# 90-125 gallon tank



## jacobbonilla (Apr 22, 2010)

can i keep anything else in this tank besides my 12-14 inch pleco and baby flowerhorn? i will have maybe a black or blue background no tacky fake backgrounds some white lighting, white gravel so its easier to see the poop and looks nicer then brown gravel that i have now. and some peice of bog wood for the pleco no plants as my fh hates plants always nibbling it off.


----------



## Superfly724 (Sep 16, 2007)

I'm not trying to be mean, but you need to make up your mind and not make so many threads about the same thing or people are going to stop taking you seriously. Just yesterday we all thought you were trying to sell everything and now you want to know what to keep in a 120 gallon, while in another thread folks already said that Flowerhorn's are really mean and can't be kept with anything else. 

I don't know what else to tell you.


----------



## jacobbonilla (Apr 22, 2010)

-.- thats because these threads are slow and i did make up my mind not to be mean but its a thread look foward to getting multiple questions from the same people theirs no limit or anything okay. and so what if flowerhorns are mean all fish have different personalities nad behave differently.


----------



## petlovingfreak (May 8, 2009)

I am sure a large bala shark would be fine. I have 2 bala sharks, 1 lg (14") and 1 medium (7") and they do fine with my large red devil, jack dempsey, eye biter and a couple other smaller cichlids in my 125, and they hold their own, on the rare occasion the cichlids actually pay attention to them.


----------



## Corwin (May 23, 2010)

I think what superfly was saying is that if you stick with one thread, the people who know about your topic are going to come back to it and you can allow the thread's conversation to flow from one concept to another wheras if your constantly making new threads eventualy people will stop responding to them, even those who actualy know things about the fish your asking about.


----------



## Guest (Jun 1, 2010)

Jacob! have u gotten ur tank yet? or are u stuck with the 25 gl tank u currently have? look. 1st go out and get ur new tank than worry about stocking it. 

threads are slow cos people dont have all day to post answers. starting multiple threads is a waste of time.


----------



## TheOldSalt (Jan 28, 2005)

Yes it is, and while not officially against the rules, it IS very annoying.
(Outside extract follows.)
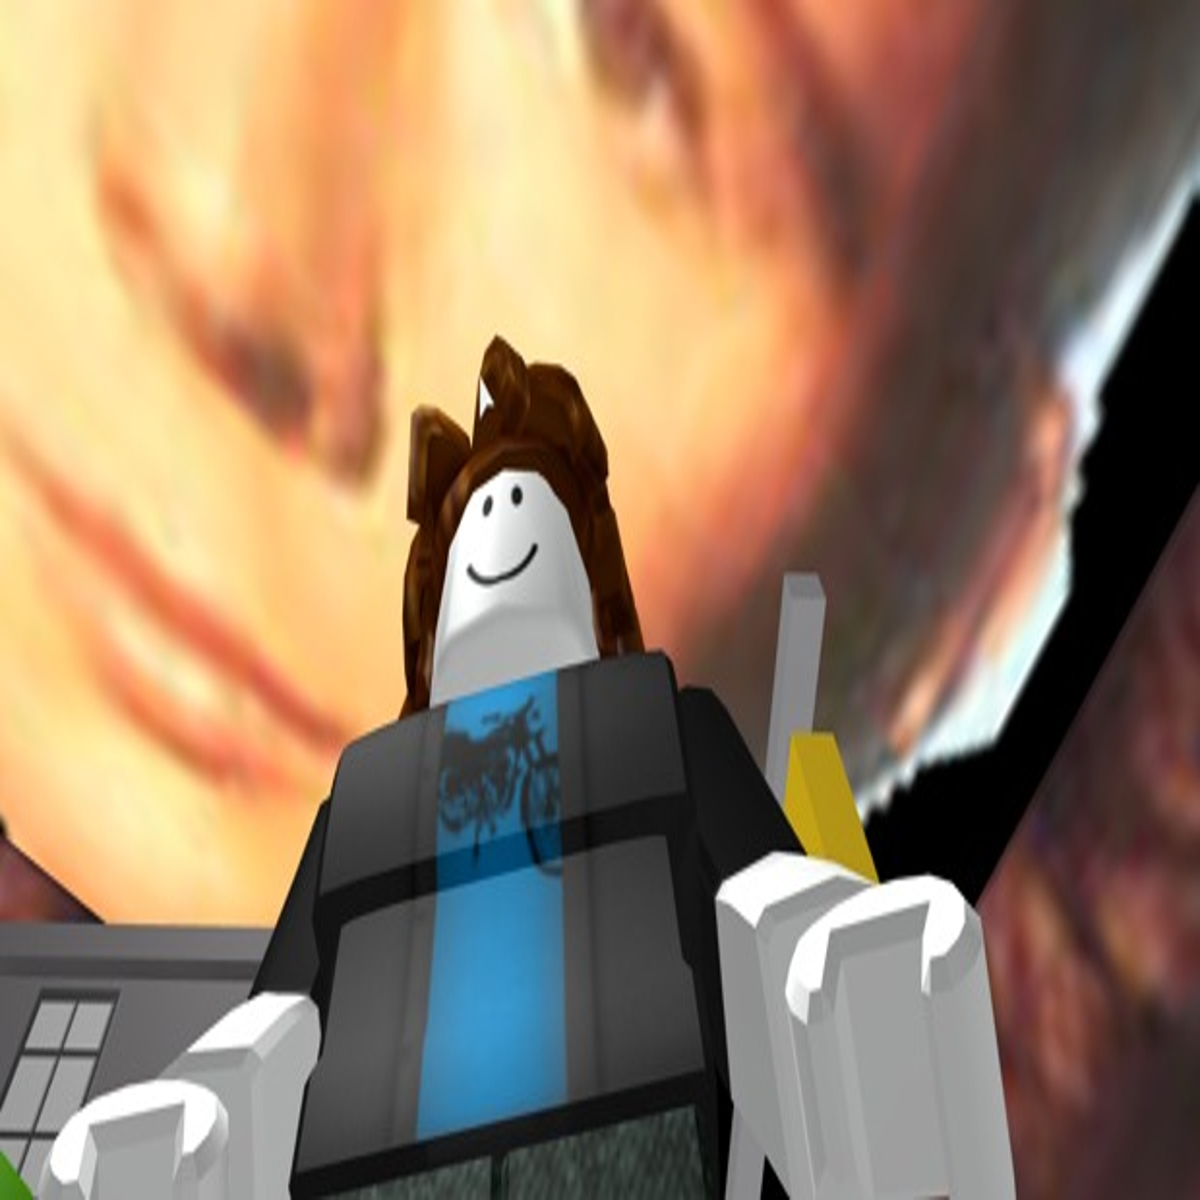 A roblox bacon hair playing on a gaming pc

On top of that, people confuse the threads with each other, thinking that a new ones are old ones, so they just ignore them, which is hard to do since they're everywhere.
In other words, you are basically spamming. Stop.
Do not start any more threads about this question. Nobody can answer it anyway, since it's really up to you. The fish you have are huge and mean and messy, so any more you added would have to be the same, and then you'd have to do heavy maintenance all the time. What else can we tell you?


----------



## Corwin (May 23, 2010)

its not that we arent interested, because we are. Its just keep it to one thread and you will get better, more usefull, responces... and people regarding the thread will likely have a better disposition as well.


----------



## Superfly724 (Sep 16, 2007)

Corwin said:


> its not that we arent interested, because we are. Its just keep it to one thread and you will get better, more usefull, responces... and people regarding the thread will likely have a better disposition as well.


Very nicely put.


----------